Dlatego  nasze protesty zamieniamy  w modlitwę.
 

W modlitwę, którą kierujemy za Twoim pośrednictwem do Najwyższego,  aby potraktować Norberta jako człowieka dobrego i szeroko otworzyć mu Bramę Niebios.

W swoim krótkim życiu zasłużył sobie na to!

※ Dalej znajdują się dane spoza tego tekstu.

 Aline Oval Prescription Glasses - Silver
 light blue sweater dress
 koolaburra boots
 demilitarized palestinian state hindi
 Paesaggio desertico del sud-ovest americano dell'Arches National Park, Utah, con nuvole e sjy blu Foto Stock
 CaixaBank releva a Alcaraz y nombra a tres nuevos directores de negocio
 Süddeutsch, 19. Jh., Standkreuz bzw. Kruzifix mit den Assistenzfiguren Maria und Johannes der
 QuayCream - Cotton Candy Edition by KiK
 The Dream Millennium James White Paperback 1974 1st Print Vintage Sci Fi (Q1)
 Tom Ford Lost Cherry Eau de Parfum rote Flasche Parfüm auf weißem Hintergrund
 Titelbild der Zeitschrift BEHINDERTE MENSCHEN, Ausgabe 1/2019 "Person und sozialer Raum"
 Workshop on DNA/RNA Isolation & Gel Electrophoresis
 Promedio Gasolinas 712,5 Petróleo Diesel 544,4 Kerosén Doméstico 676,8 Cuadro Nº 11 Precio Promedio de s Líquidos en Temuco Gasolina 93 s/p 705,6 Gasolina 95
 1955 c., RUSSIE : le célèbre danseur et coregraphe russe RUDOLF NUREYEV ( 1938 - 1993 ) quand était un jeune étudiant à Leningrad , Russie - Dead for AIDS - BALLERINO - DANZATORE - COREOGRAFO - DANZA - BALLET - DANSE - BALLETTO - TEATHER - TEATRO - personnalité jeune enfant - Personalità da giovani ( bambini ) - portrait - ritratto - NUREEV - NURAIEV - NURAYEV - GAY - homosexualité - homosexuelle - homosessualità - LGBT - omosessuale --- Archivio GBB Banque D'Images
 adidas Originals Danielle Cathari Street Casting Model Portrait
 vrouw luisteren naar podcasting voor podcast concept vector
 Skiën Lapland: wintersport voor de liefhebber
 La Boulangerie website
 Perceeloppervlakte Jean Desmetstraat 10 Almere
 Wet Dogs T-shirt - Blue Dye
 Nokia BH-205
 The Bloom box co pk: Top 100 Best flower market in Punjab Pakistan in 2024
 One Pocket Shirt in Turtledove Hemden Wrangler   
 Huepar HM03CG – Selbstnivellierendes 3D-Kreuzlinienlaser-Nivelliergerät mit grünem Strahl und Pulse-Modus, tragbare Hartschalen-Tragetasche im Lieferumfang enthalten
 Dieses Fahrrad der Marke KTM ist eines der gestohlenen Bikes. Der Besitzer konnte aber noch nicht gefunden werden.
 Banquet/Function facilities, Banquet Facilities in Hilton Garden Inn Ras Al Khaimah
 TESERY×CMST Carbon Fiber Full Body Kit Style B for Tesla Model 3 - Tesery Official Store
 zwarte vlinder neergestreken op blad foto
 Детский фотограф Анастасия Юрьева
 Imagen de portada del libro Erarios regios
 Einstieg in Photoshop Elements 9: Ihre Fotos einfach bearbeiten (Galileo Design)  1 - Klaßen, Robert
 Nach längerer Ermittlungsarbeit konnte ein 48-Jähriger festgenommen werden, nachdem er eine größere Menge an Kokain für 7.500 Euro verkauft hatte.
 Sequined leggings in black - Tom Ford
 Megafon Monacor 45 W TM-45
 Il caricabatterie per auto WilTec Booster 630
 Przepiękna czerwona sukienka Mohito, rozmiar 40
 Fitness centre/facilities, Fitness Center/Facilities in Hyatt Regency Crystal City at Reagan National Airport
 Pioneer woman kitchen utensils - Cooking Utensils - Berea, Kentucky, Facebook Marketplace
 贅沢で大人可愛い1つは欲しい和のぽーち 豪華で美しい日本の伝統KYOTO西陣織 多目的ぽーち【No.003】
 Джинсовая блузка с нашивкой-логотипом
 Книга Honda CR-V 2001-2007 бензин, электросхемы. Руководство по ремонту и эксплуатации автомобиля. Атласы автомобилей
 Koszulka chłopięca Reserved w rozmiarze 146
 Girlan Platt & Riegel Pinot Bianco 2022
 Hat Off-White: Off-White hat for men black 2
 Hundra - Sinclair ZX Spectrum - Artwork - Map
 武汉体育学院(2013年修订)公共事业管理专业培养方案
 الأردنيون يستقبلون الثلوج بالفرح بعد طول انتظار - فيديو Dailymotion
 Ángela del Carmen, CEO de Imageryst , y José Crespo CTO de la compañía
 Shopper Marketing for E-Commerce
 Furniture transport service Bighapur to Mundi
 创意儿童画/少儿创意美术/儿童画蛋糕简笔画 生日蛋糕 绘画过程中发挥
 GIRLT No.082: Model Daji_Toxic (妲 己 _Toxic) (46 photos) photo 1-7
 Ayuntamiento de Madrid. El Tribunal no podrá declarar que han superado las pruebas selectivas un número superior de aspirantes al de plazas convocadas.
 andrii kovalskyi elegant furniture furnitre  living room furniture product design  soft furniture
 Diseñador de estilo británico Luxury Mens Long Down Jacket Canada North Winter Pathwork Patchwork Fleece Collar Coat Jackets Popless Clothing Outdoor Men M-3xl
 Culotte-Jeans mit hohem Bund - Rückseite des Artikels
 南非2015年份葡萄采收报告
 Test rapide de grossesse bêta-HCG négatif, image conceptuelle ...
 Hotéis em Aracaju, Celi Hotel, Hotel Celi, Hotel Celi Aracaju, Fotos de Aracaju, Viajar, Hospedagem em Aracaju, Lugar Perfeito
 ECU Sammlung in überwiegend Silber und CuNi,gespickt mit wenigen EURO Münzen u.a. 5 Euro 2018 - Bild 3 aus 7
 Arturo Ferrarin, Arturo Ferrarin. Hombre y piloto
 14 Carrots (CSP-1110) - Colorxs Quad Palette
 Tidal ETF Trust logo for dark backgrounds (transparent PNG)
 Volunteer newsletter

 Żył nie tylko dla siebie, ale dla całej gminnej społeczności . Traktujcie Go jako dobrego człowieka, który zasługuje na naszą wdzięczność.
 

A jeśli Twoja "Księga, Święty Piotrze", w której zapisałeś wszystkie Jego dokonania, gdzieś się zapodziała, to chciałbym w tym miejscu przypomnieć tylko niektóre fragmenty, które zapisaliśmy w naszych księgach -  jakie było Jego życie tu wśród nas.

 
   Szesnaście lat (cztery kadencje), mieszkańcy Boguszyc mu zaufali i  wybrali, by reprezentował ich w Radzie Gminy Prószków. Tam dał się poznać jako człowiek "bojowy, który wie czego chce" jak powiedziała radna Maria w rozmowie ze mną.  Pamiętam jak walczył o boguszyckie dzieci - przedszkole, które miało ulec rozwiązaniu. Zamiast rozwiązania doprowadził do tego, że dzieci dziś mogą się cieszyć z pięknego nowoczesnego kompleksu szkolno-przedszkolnego. A o nowoczesnej  nawierzchni na boisku szkolnym (tartan), do  dziś marzą pozostałe szkoły w naszej gminie.
 

Bardzo wiele wdzięczności może płynąć od młodzieży zrzeszonej w klubie LZS Orzeł, o której zaplecze starał się zawsze.
 

Rolnictwo, rzemiosło, drogi, melioracja   i wszystko co z tym związane - to było Jego polem działania w Radzie. W tym temacie nie miał żadnej konkurencji. Doradzał, stymulował, kierował, a wszystko poparte wiedzą i wielkim doświadczeniem. Do prac społecznych motywował: "nie pytaj ile dla ciebie zrobiła gmina, ale ile ty zrobiłeś dla poprawienia infrastruktury twojej wsi".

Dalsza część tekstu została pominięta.